Figure 5. AAK1 and GAK inhibitors are protective in murine models of dengue and Ebola.

(A) DENV viremia in AG-B6 mice measured by qRT-PCR on day 2 postinfection following once-daily administration of vehicle, sunitinib (SM), and/or erlotinib (E). (B) DENV viremia in AG-B6 mice on days 2 and 3 postinfection following twice-daily drug administration. (C and D) Weight loss (C) and mortality (D) of DENV-infected AG-B6 mice treated once daily for 5 days with vehicle or sunitinib/erlotinib combination (n = 8 per treatment group). (E) Mortality of DENV-infected AG-129 mice treated once daily for 5 days with vehicle, sunitinib, and/or erlotinib (data are pooled from 2 independent experiments, n = 8–16 per treatment group). (F) Mortality of DENV-infected AG-B6 mice treated once daily with vehicle or sunitinib/erlotinib combination beginning at the indicated hour after inoculation, T0–T48 (data are pooled from 2 independent experiments, n = 8–16 per treatment group). (G and H) Weight loss (G) and mortality (H) of EBOV-infected C57BL/6 mice treated once daily for 10 days with vehicle, sunitinib, and/or erlotinib (n = 10 per treatment group). Doses are in mg/kg. Administration was i.p., except when denoted p.o. (C and D), at inoculation (A–E, G, and H) or after inoculation (F). A–D, G, and H are representative of 2 or more independent experiments. *P < 0.05, **P < 0.01, ***P < 0.001 relative to vehicle control by nonparametric Kruskal-Wallis test with Dunn’s multiple comparisons post-test (A) or nonparametric Mann-Whitney test (B). Survival analysis (D–F and H) was done with log-rank (Mantel-Cox) test; P values are relative to vehicle control. GE, genomic equivalents.

Figure 6. Mechanisms underlying the antiviral effect of sunitinib and erlotinib in vitro and in vivo.
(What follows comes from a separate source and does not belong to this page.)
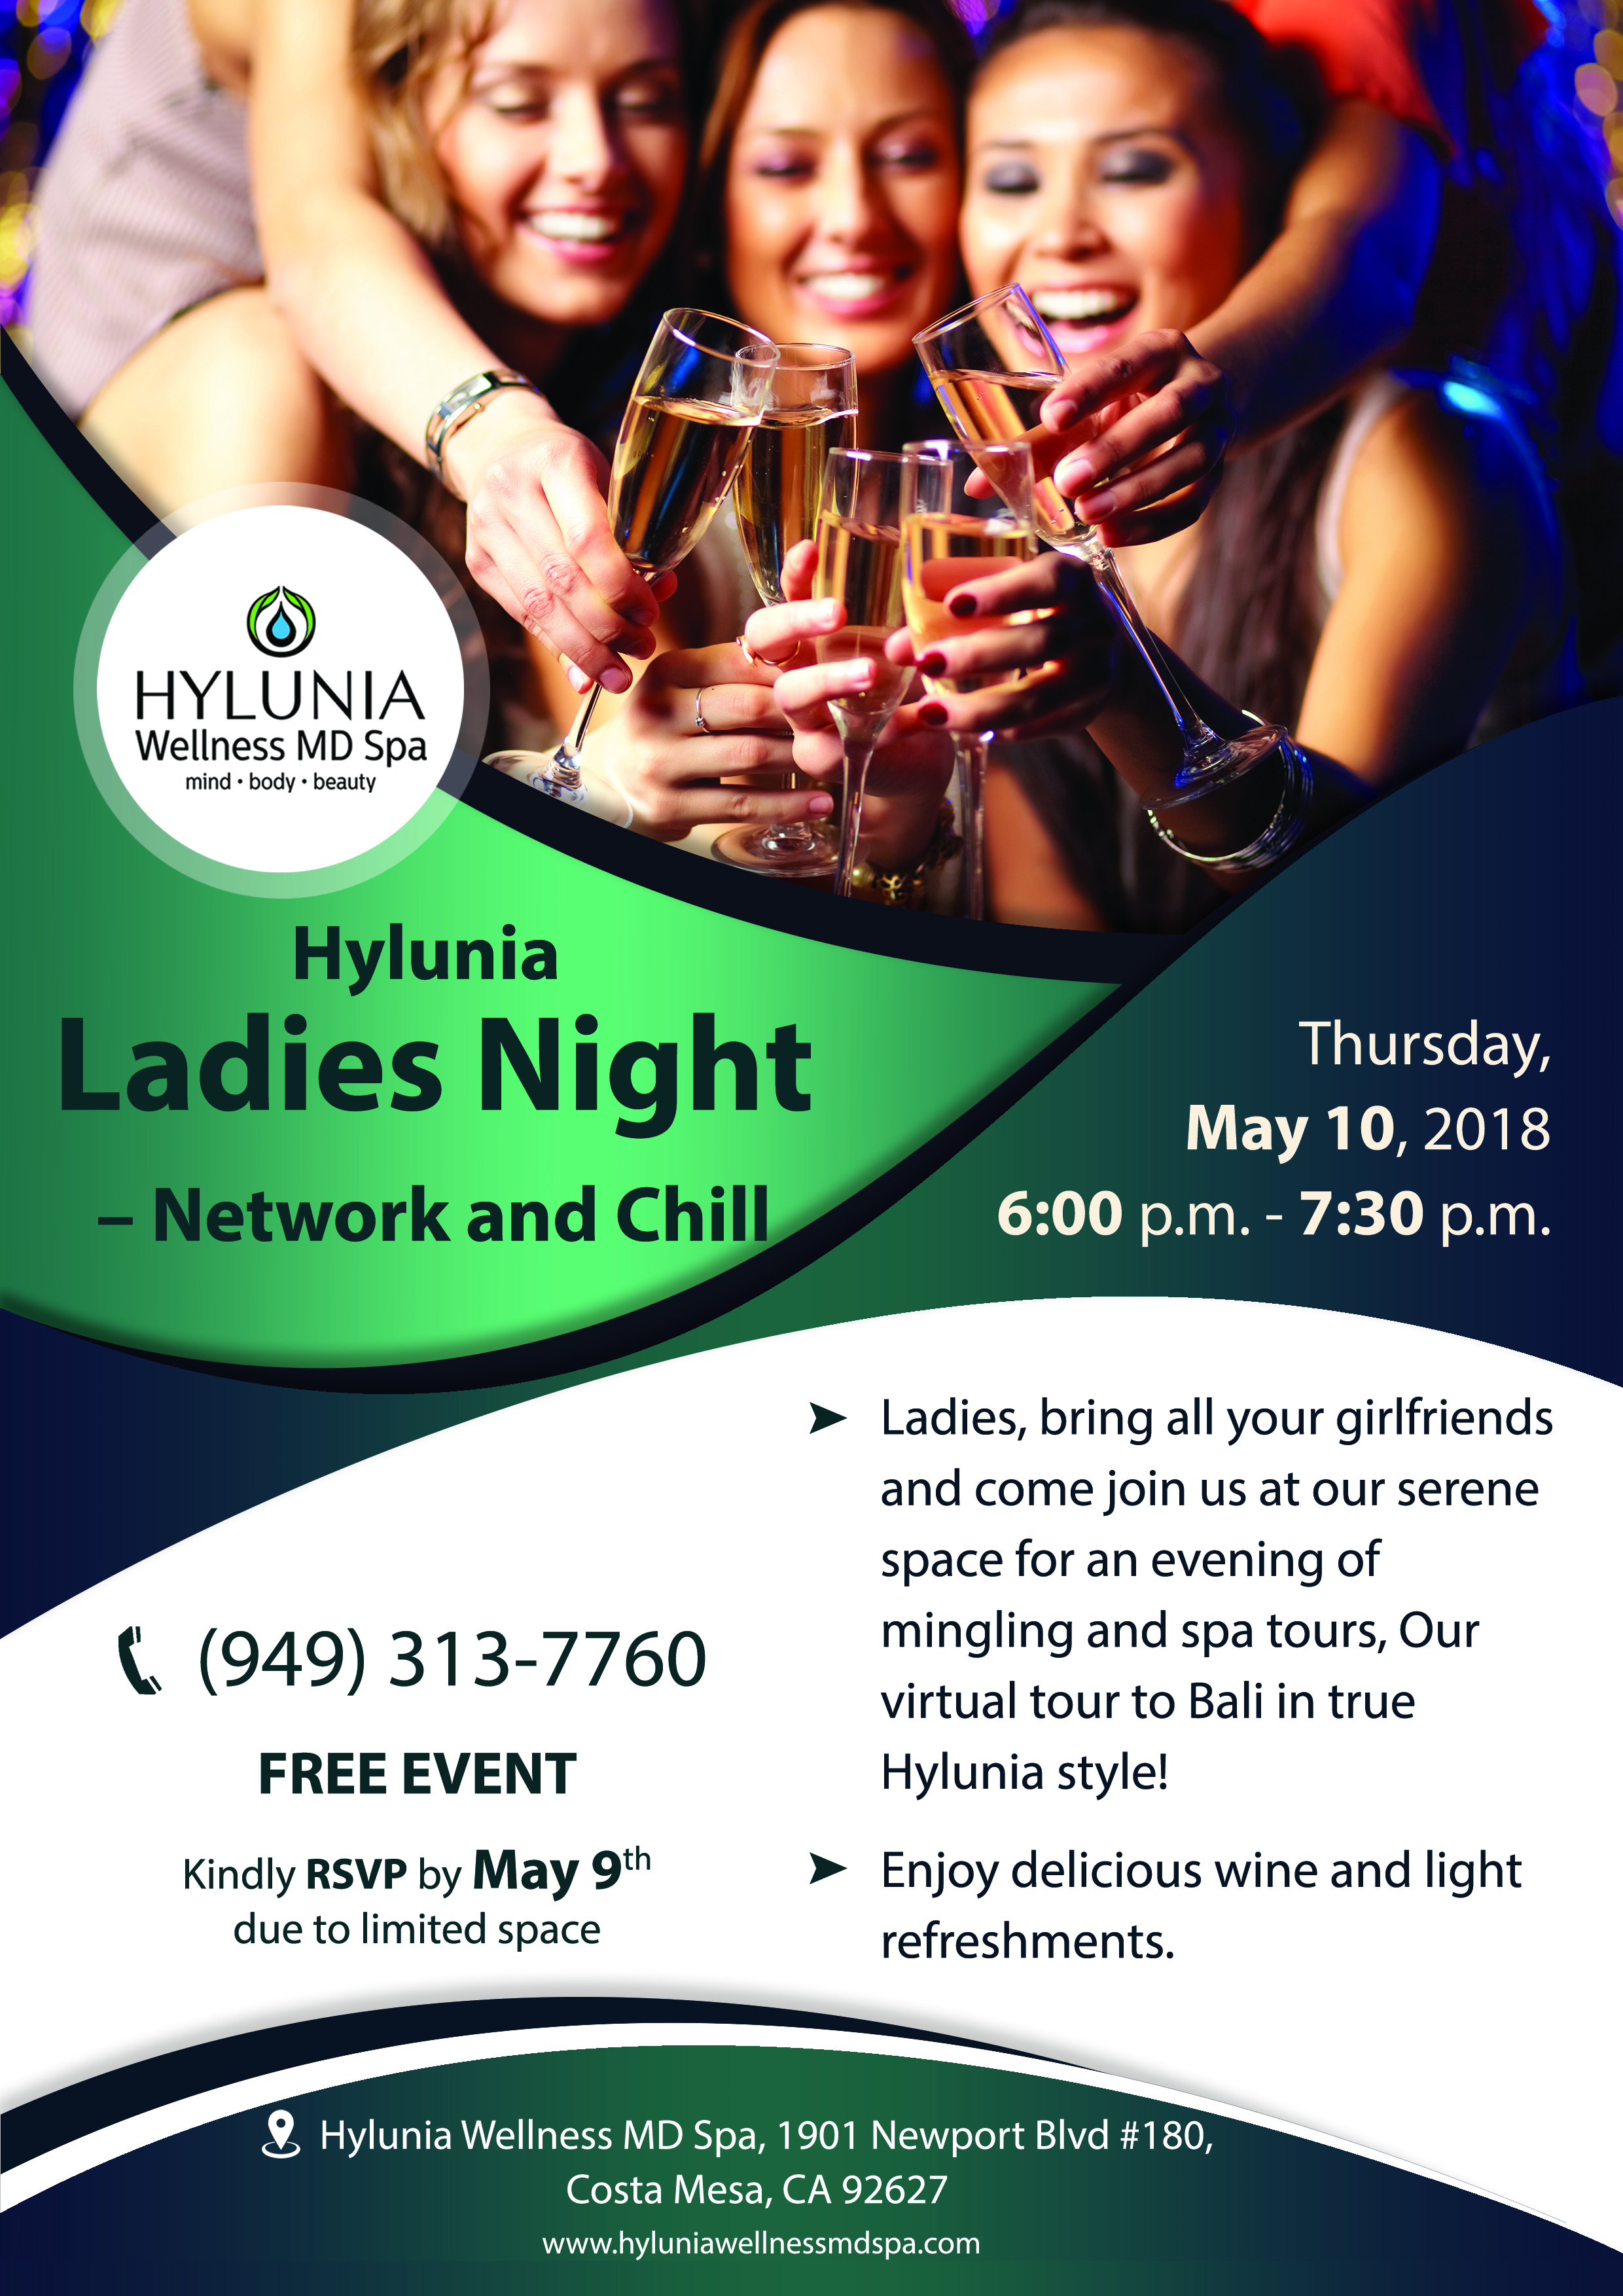 Hylunia Ladies night – Network and Chill

(A–C) Huh7 cells were treated with the inhibitors and monitored for DENV entry (A) at 6 hours after infection, DENV RNA replication (B) after induction of replication of DNA-launched DENV replicon, and infectious virus production (C) at 48 hours after electroporation with DENV RNA. SDM25N is an inhibitor of DENV RNA replication. (D) Effect of 1-hour treatment with erlotinib (E) and/or sunitinib (SM) on phosphorylation of AP2 in DENV-infected Huh7 cells measured by Western blotting. Arrow indicates approximately 50 kDa. The ratio of phospho-AP2 (pAP2) to total AP2 was quantified. (E) Level of AP2 and actin expression measured by Western blot following lentiviral transduction with control or AP2-expressing constructs. (F) Rescue of DENV infection in the presence of inhibitors upon overexpression of WT or T156A AP2 versus vector control measured by luciferase assays 48 hours after infection. Micromolar concentration of each inhibitor is noted on the x axis. (G) Effect of 3-hour i.p. treatment with erlotinib (E) and/or sunitinib (SM) on phosphorylation of AP2 in liver tissue of AG-B6 mice measured by Western blotting and quantified as the ratio of pAP2 to total AP2. (H) DENV infection relative to NT control following siRNA-mediated knockdown of kinases targeted by sunitinib and erlotinib measured by luciferase assays at 48 hours and normalized to cell viability. Data in A, C, and I are pooled from 2 independent experiments with 4–8 replicates each. Data in the other panels are representative of 2 or more independent experiments. B and F have at least 5 replicates each. ***P < 0.001 relative to DMSO by 2-way ANOVA followed by Dunnett’s multiple comparisons test (B) or relative to vector control by 1-way ANOVA followed by Dunnett’s multiple comparisons test (F).

Figure 7. Model: AAK1 and GAK in infection and as broad-spectrum antiviral targets.

Host kinases AAK1 and GAK regulate entry, assembly, and/or release of multiple RNA viruses through phosphorylation of the membrane trafficking adaptors AP1 (pink) and AP2 (purple). Sunitinib, erlotinib, and selective inhibitors of AAK1 and GAK disrupt these temporally distinct steps of the viral life cycle and act as broad-spectrum antivirals.